Defining a customer’s intent when visiting a store, whether real or virtual, can help a company deliver a personalized experience. That’s why it’s important to use tools that can help categorize and identify these visits.
Walmart has provided anonymous trip data for its customers to some of its stores. Among the data were the items purchased and their respective quantities, as well as descriptive information about the products and the day of the week. The task was to use this information to categorize the intent of that client’s visit.
Despite not giving us a reference table for each code, the organizers said that some examples of categories of visits are: weekly purchase of food, gifts for a celebration, or purchase of clothes for the new season.
There were about 95,000 trips for training, and 95,000 for testing. The file contained basically one line for each product purchased during a visit, and it was the competitor’s responsibility to properly transform it to merge the data for each trip.
The following information defined the products: the UPC code, with more than 100 thousand different types; The Fineline code, which is a refined category created by Walmart, with about 5,000 types; And the Department, which contained about 60 different types.
In addition, the ScanCount variable defined how many products of that type were purchased, and if it was a negative number, the customer was returning products.

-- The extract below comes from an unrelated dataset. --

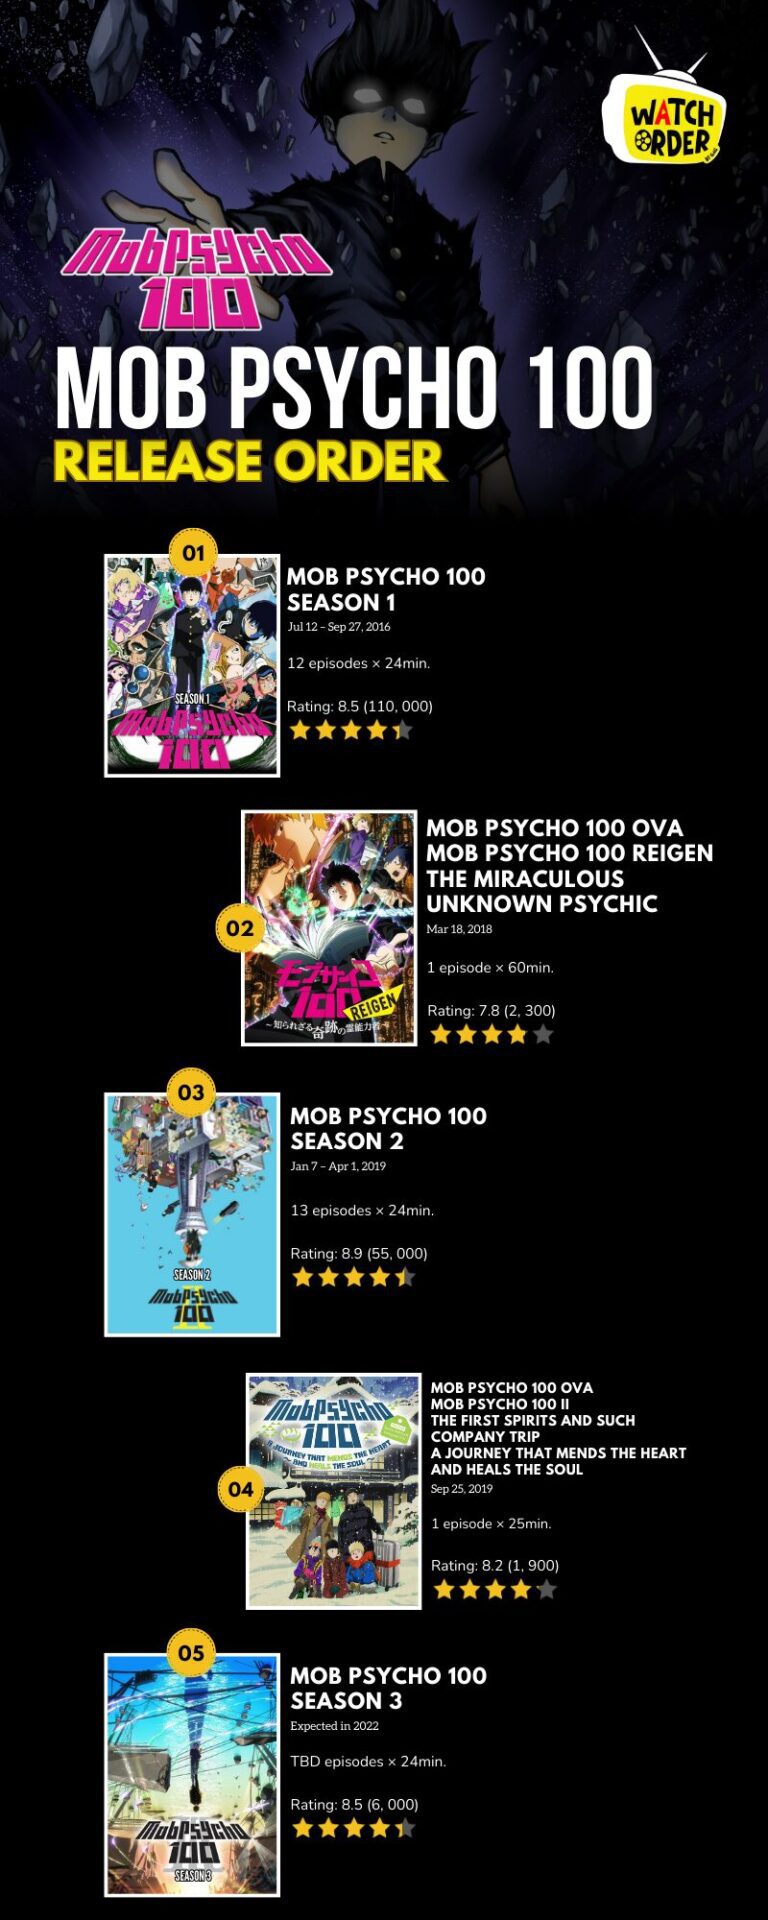 Mob Psycho 100 Release Order Infographic

Transforming the Variables
In order to train a model it was necessary, as a minimum, to group the basic information by trip. Several reports on the forum talked about transformations resulting in thousands of variables.

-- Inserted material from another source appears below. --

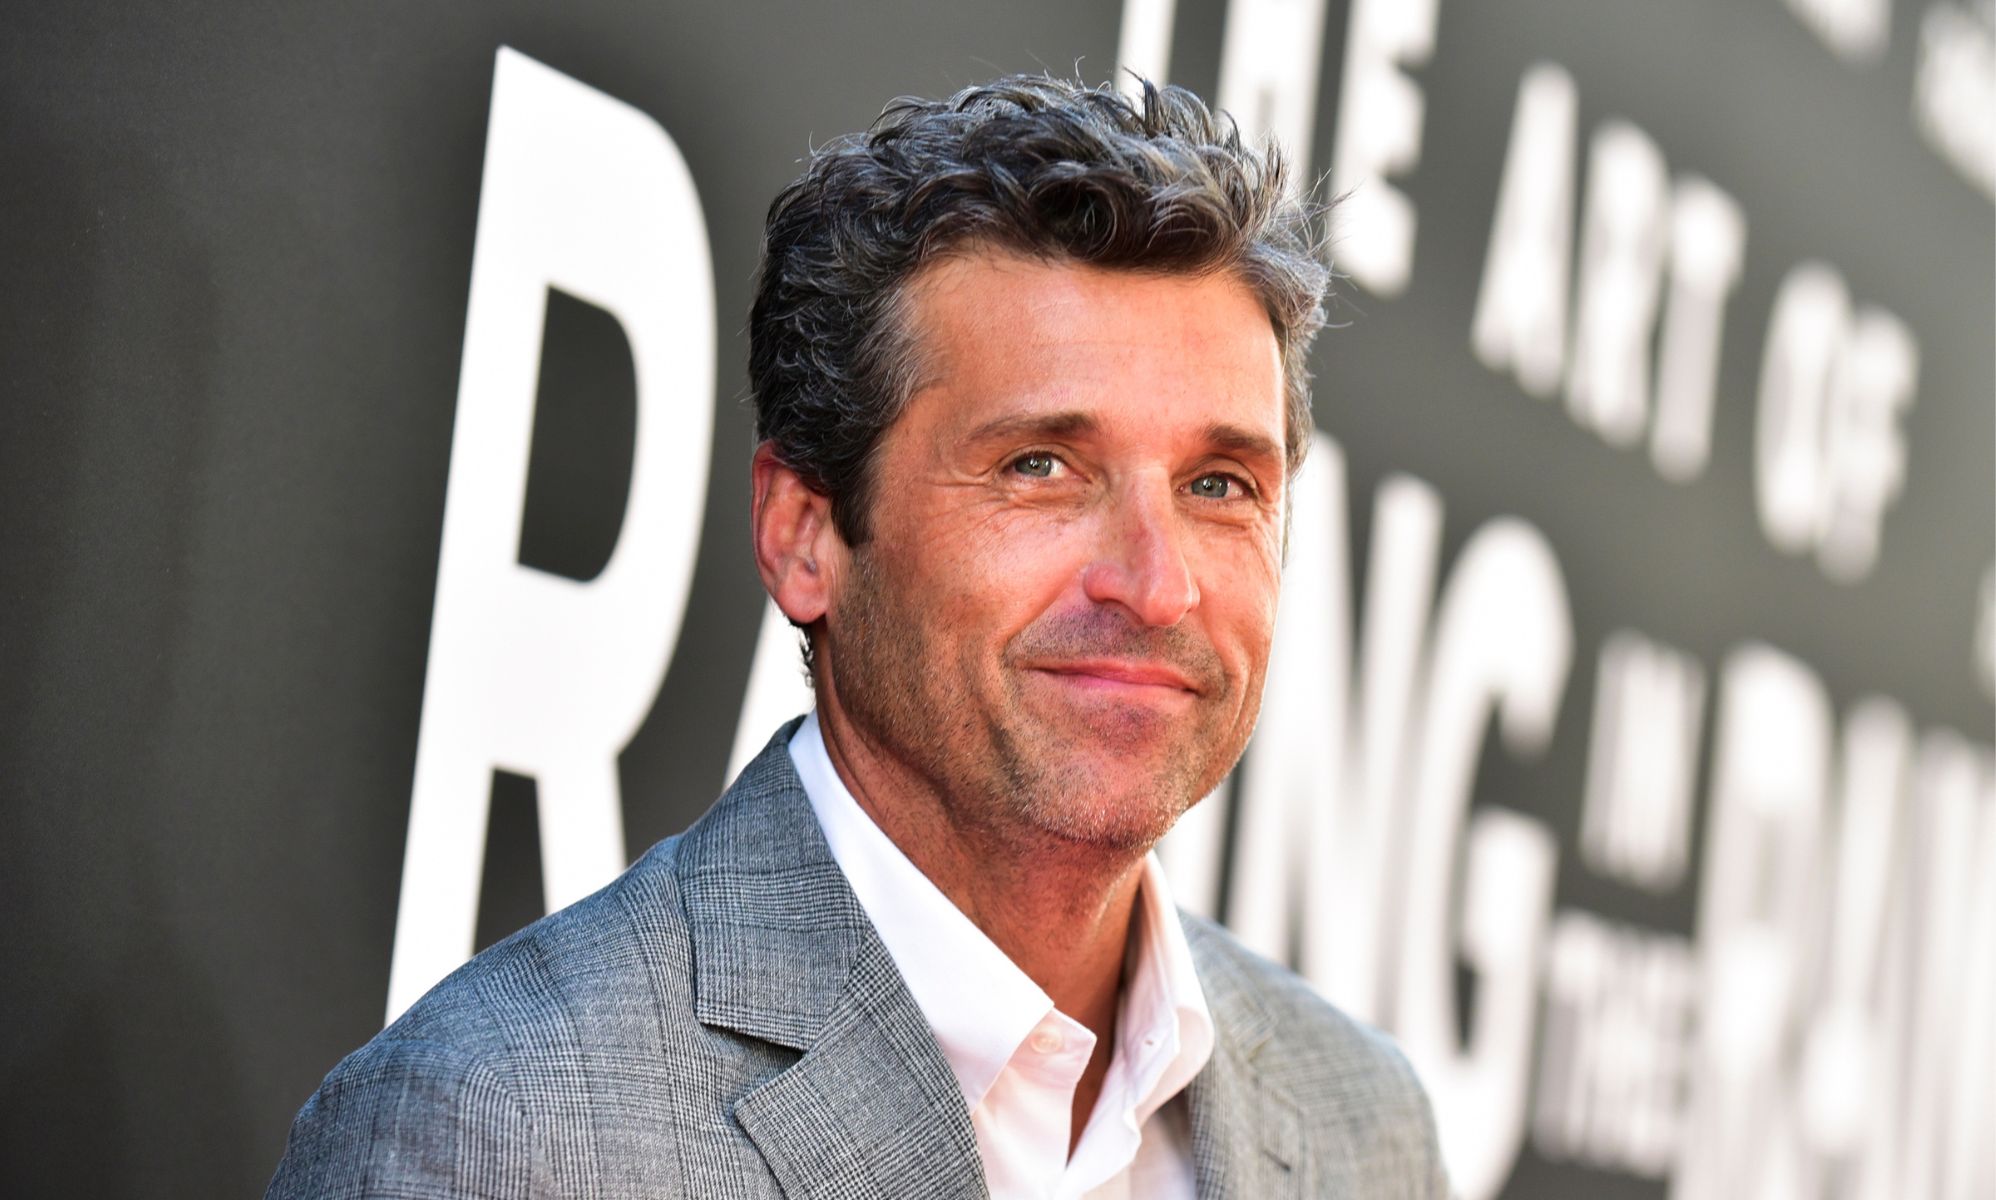 Patrick Dempsey named 'Sexiest Man Alive' - and the internet has ...

As I only had 7 days to work in this competition, my goal was to create a simple and compact model, with the fewest possible variables, but with a good performance to position me among the top 10%.
Examples of variables based on statistics of each trip are: the average amount of each product purchased during the trip, indication if there was a return of product, sum of the quantity of all products purchased and the department with the highest quantity of items purchased.
Counts and Proportions
I decided to add the amount of products purchased by department, and use both the count of each department and the proportion that this department occupied in this purchase. This created about 120 variables.
Singular Value Decomposition + TF-IDF
To try to use Fineline and UPC without increasing the number of variables, I decided to add the quantity of products in each of them and make two transformations.
First, TF-IDF, which replaces the quantity by a weight relative to the proportion of an item on that trip, and how often is the presence of this item on other trips.
Then I applied the SVD, which tries to find the components that have the most variation in the data.
These transformations are usually used with text, applied to the word count in each document, and known as Latent Semantic Analysis in that context.
In addition to reducing the size of the data, it is expected to remove much of the noise, and find structural categories to which the trip belongs.
In practice this helped a lot with Fineline, but it did not help much with UPC.
Logistic Regression L1 and L2
Another way to reduce size is to train a simpler model and use its predictions as a variable in the main model.
For this, I trained two logistic regressions: one with L2 penalty and another with L1 penalty. This generated about 70 variables, 37 for each regression, with the probability of an example belonging to each class.
Gradient Boosted Trees – XGBoost
Most of my time was focused on building a good model with XGBoost. This model was already good enough to stay in the top 10%.
To complement XGBoost, and try a better position, I decided to train a neural network on the same variables. It had 2 hidden layers and dropout.
Other competitors reported good results with neural networks, but I did not spend much time tinkering with them. The intention was only to achieve a slight improvement over the result of XGBoost.
Possible Results and Improvements
The final solution was a simple ensemble between a neural network and XGBoost, which was enough to secure a position among the top 7%. The solution took about 8 hours of work.
Using only the Gradient Boosted Trees model, without ensemble, it was possible to stay in the Top 9%. This model had only 200 variables. Most of the better models had more than 5000 variables. Certainly increasing the number of variables could make this model position above the Top 5%, but it would take a lot of time to train.
Other possible improvements would be: to increase the ensemble, to create a set of variables optimized for the neural network, to use directly the variables with Fineline counts, to better tune the parameters of the logistic regressions and the transformations.